Hi everyone, I'm trying to upgrade EKS NodeGroup f...
# aws
g
Hi everyone, I'm trying to upgrade EKS NodeGroup from AL2 to AL2023, based on documentation:
Copy code
Update the node group in place. Pulumi does this by first creating the new replacement nodes and then shutting down the old ones which will move pods to the new nodes forcibly. This is the default behavior when node groups are updated.
It seems does not happen to me. The preview shows the strategy is
replace
instead of
update
-> entire nodeGroup will be deleted first, then creating new nodeGroup, instead of update node by node.
Copy code
pulumi:pulumi:Stack: (same)
    [urn=urn:pulumi:stack::eks::pulumi:pulumi:Stack::stack]
    --aws:eks/nodeGroup:NodeGroup: (delete-replaced)
        [id=stack:test-upgrade]
        [urn=urn:pulumi:stack::eks::aws:eks/nodeGroup:NodeGroup::test-upgrade]
    +-aws:eks/nodeGroup:NodeGroup: (replace)
        [id=stack:test-upgrade]
        [urn=urn:pulumi:stack::eks::aws:eks/nodeGroup:NodeGroup::test-upgrade]
      ~ amiType: "AL2_x86_64" => "AL2023_x86_64_STANDARD"
    ++aws:eks/nodeGroup:NodeGroup: (create-replacement)
        [id=stack:test-upgrade]
        [urn=urn:pulumi:stack::eks::aws:eks/nodeGroup:NodeGroup::test-upgrade]

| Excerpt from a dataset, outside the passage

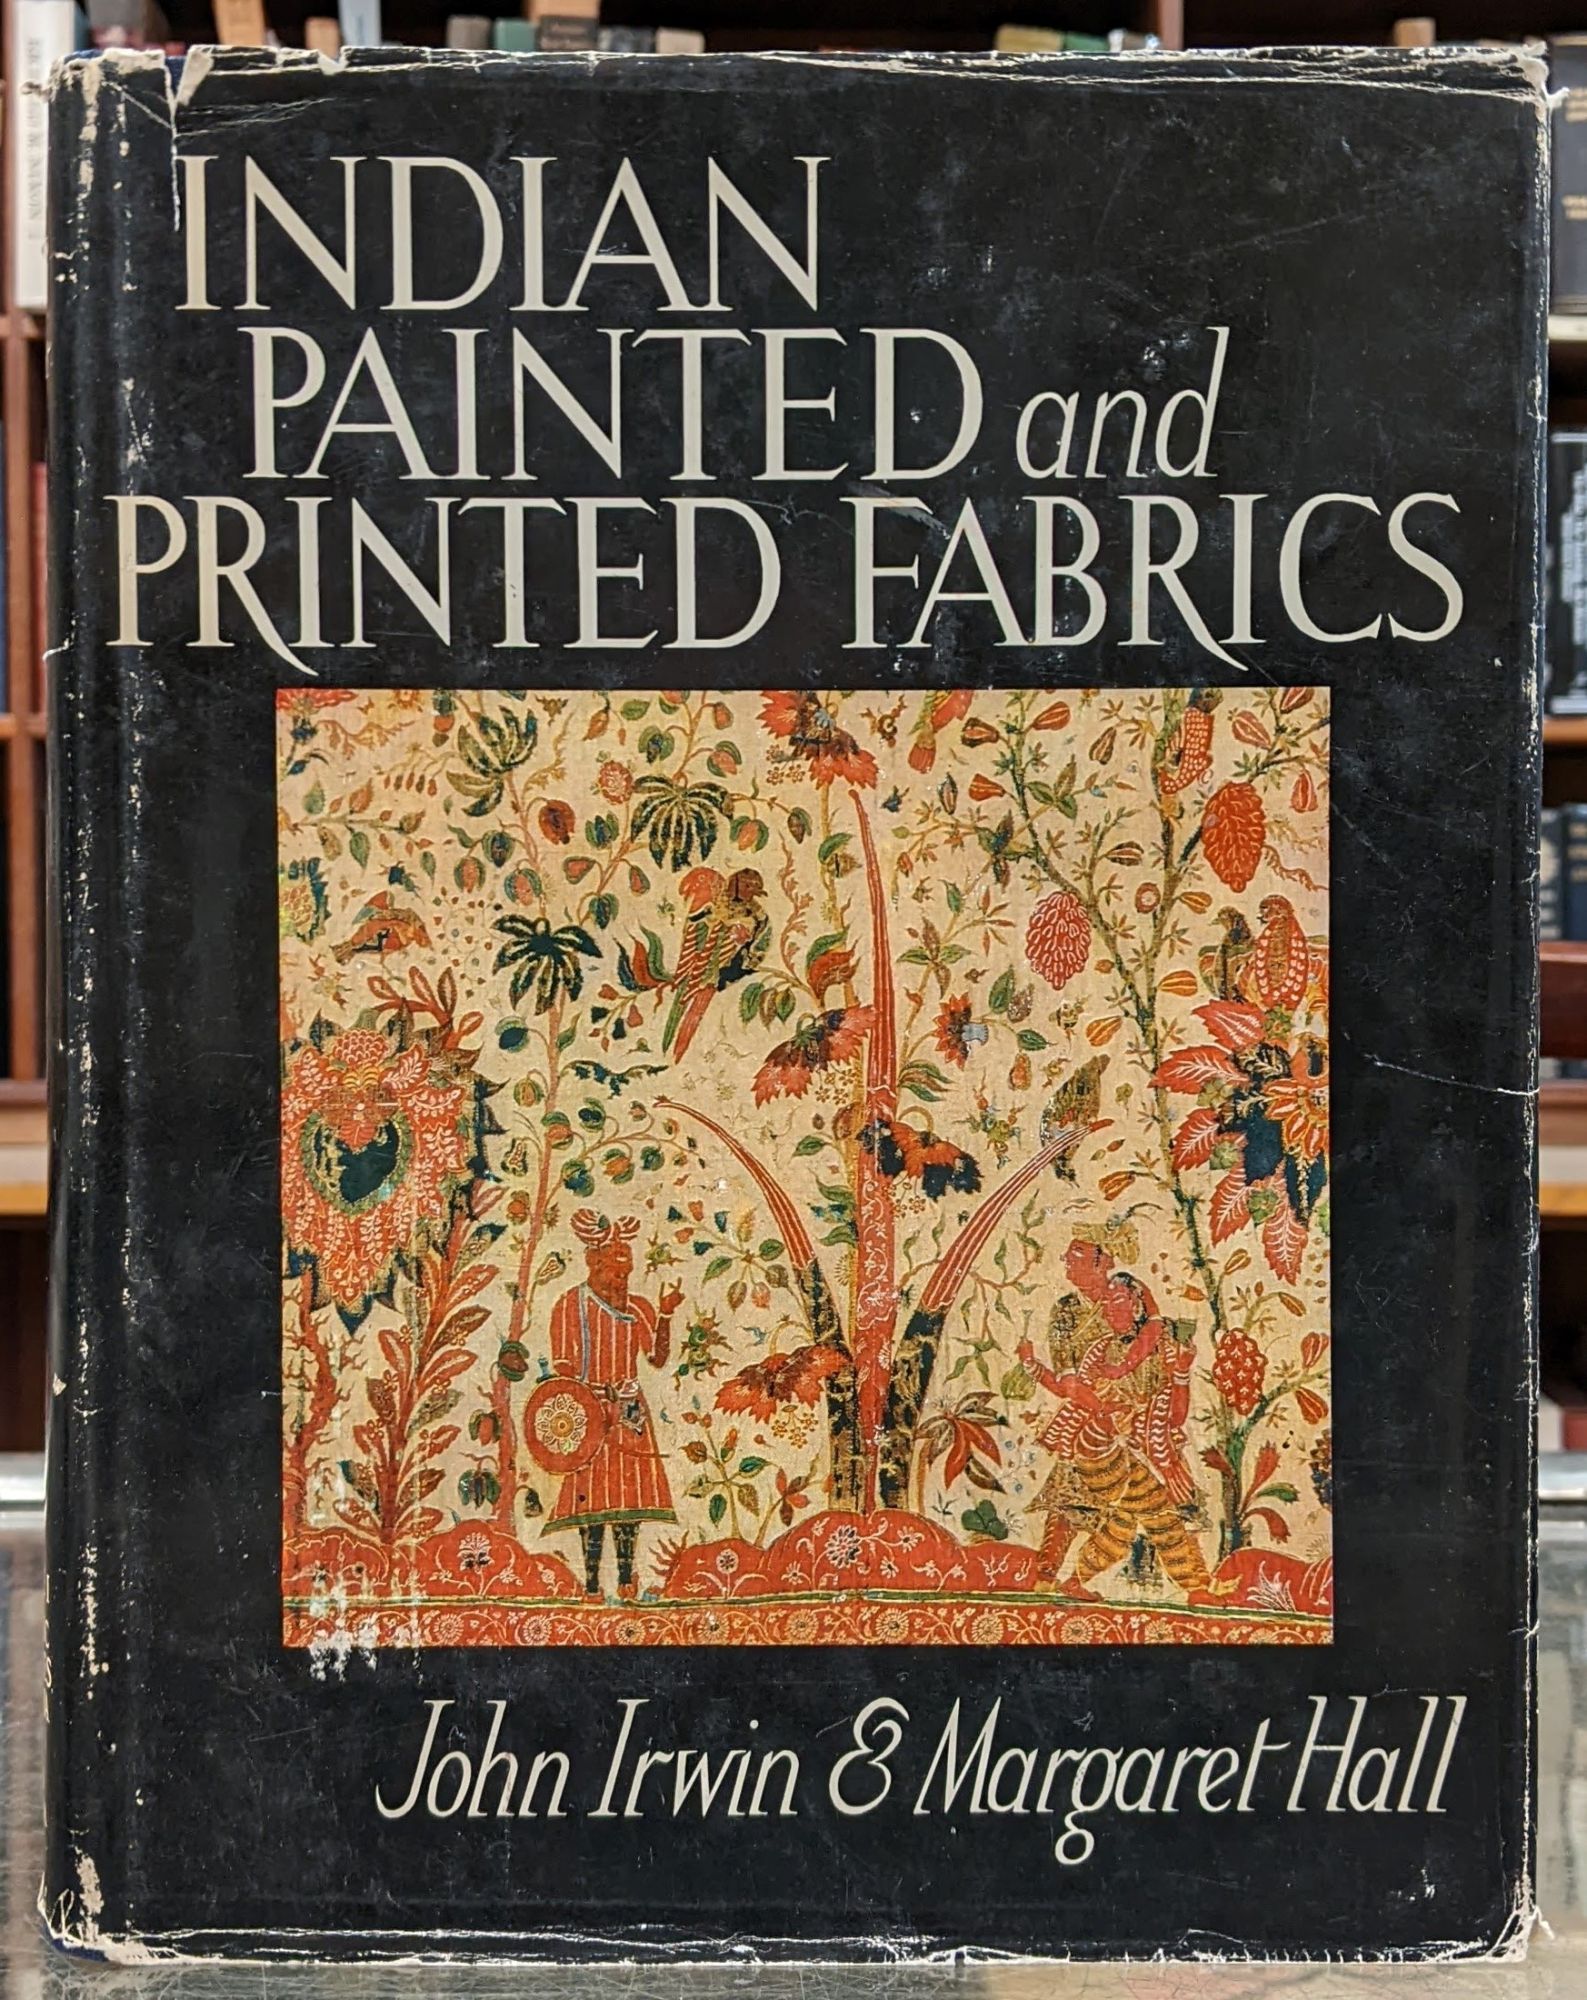 Arts and Crafts of India [Book]

      ~ amiType: "AL2_x86_64" => "AL2023_x86_64_STANDARD"
Am I missing something?
q
Hey, you're referencing the part for Self managed node groups, but it seems like you're using managed node groups. While the AWS EKS service gracefully handles regular updates for managed node groups, it doesn't allow updating the ami type in place and requires a replacement. I took a note of that and will update our migration guide toclearly flag that. In this case, the node group shouldn't get deleted first before recreation, instead the new node group would get created, then the old one would get deleted. EKS drains managed node groups when deleting them, but the behavior is not configurable. It does it for all pods in the node group at the same time. There's an AWS feature request to improve this behavior: https://github.com/aws/containers-roadmap/issues/1636 If draining all the nodes at the same time is not desirable for you, you could follow the guide for gracefully replacing that's mentioned further down in the guide. Essentially creating the new node groups side by side and then draining the old ones (either with
kubectl drain
or
eksctl delete nodegroup
).
s
I ran into the same issue, just like Florian mentioned; the wording in the document needs some adjustments. I really appreciate the guides provided further down in the articles!
g
@quick-house-41860, thanks for your details reply. You're right, I was confused between Pulumi AWS classic and Pulumi EKS. I'm using
aws.eks.NodeGroup
of Pulumi AWS classic and thought my nodeGroup is self-managed, but it's wrong.
Copy code
In this case, the node group shouldn't get deleted first before recreation, instead the new node group would get created, then the old one would get deleted.
-> It actually did that and not desirable to me.
Copy code
1. --  └─ aws:eks:NodeGroup  test-upgrade  deleting original (3s)..
2. ++  └─ aws:eks:NodeGroup  test-upgrade  creating replacement (24s)     [diff: ~amiType]
Drain the old nodeGroup is fine for me, as long as all the pods is scheduled on new nodeGroup. My purpose is no downtime in upgrade process.
q
I've already updated the doc to provide more details, it should land in the website today/tomorrow. Stay tuned! Ah given you're using aws classic directly there might be some other settings affecting this here. Do you by any chance have either the
deleteBeforeReplace
resource option turned on or the
name
input property set? In this case the provider will delete the node group before recreating it. Please be careful with that doc if you're using aws classic. Many of the same principles apply there as well (pulumi-eks uses pulumi-aws under the hood), but it's an opinionated abstraction so you could've configured things differently than how the doc is assuming it.
g
1.
deleteBeforeReplace
I believe not, if it's not default option. 2. What do you mean by
name
?
Copy code
new NodeGroup(name: string, args: NodeGroupArgs, opts?: CustomResourceOptions);
q
It's the
nodeGroupName
input property in this case
g
Yes, I did set the nodeGroupName. Not sure if set the nodeGroupName lead to this behavior make sense. Btw at least now we can confirm change ami type combined with set nodeGroupName will delete nodeGroup when upgrade
q
Yes, setting the name forces a delete before replace for most resources. The reason for that is that there cannot be two resources with the same name in AWS. Unless you absolutely need a static name, I'd recommend to let the provider auto name the resource.
To do a safe upgrade in this case, you'll need to add a new node group side by side. This part should explain how to do that and drain the old nodes: https://github.com/pulumi/pulumi-eks/blob/master/docs/eks-v3-migration.md#graceful-upgrade
g
@quick-house-41860 Many thanks, I'll check that 👏